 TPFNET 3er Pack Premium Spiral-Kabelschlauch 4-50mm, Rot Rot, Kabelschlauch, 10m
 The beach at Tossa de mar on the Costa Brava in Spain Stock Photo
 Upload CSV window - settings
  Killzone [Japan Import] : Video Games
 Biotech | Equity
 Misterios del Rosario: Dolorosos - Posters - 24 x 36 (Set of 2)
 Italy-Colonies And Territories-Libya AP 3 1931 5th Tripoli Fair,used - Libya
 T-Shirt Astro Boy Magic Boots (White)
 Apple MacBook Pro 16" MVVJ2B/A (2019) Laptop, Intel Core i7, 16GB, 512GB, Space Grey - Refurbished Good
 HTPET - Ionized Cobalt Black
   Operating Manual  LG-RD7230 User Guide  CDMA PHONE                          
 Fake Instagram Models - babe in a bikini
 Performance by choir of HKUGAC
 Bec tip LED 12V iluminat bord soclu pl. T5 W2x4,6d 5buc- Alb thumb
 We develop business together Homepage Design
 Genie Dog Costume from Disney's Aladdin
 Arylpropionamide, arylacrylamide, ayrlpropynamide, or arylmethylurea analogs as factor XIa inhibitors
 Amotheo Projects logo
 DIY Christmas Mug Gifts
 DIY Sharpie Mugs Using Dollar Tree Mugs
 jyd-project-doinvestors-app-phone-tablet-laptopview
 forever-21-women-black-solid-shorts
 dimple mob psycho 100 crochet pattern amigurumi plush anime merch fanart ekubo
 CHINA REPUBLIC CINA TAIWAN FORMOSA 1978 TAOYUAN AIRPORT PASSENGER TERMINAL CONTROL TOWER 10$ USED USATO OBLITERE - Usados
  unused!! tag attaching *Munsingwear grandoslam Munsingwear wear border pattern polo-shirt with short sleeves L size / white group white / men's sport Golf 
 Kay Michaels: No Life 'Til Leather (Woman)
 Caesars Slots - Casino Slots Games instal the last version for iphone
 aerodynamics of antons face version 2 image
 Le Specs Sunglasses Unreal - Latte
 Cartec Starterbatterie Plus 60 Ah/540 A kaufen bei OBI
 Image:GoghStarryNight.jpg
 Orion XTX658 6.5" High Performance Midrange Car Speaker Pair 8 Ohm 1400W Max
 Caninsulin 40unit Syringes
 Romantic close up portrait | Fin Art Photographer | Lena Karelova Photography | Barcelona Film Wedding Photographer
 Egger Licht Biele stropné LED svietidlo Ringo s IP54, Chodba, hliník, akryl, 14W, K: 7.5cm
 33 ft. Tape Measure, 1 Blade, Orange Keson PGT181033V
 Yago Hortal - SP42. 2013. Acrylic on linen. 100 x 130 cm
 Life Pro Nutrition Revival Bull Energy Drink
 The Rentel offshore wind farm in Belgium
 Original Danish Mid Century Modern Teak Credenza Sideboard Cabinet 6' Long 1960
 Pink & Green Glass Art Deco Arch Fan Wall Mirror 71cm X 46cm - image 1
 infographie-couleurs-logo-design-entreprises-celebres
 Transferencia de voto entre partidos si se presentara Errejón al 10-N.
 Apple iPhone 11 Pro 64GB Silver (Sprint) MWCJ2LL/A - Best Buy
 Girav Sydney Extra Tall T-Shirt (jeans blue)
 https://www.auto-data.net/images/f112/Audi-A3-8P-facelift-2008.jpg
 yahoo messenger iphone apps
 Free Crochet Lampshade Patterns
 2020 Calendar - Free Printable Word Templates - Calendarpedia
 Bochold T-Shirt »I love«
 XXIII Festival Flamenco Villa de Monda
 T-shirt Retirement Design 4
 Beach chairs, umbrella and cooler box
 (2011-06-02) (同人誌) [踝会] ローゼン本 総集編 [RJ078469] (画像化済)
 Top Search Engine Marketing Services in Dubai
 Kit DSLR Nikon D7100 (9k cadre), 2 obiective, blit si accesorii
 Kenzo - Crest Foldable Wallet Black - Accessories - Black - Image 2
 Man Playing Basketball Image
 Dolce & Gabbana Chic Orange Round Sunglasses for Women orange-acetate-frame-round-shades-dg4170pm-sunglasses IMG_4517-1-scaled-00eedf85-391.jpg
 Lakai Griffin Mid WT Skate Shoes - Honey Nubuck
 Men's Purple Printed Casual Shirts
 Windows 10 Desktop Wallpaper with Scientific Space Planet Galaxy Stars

▶ _What to do_
Among the lines above, which contain the word "Orange"? Copy every one.

▶ _Final answer_
 33 ft. Tape Measure, 1 Blade, Orange Keson PGT181033V
 Dolce & Gabbana Chic Orange Round Sunglasses for Women orange-acetate-frame-round-shades-dg4170pm-sunglasses IMG_4517-1-scaled-00eedf85-391.jpg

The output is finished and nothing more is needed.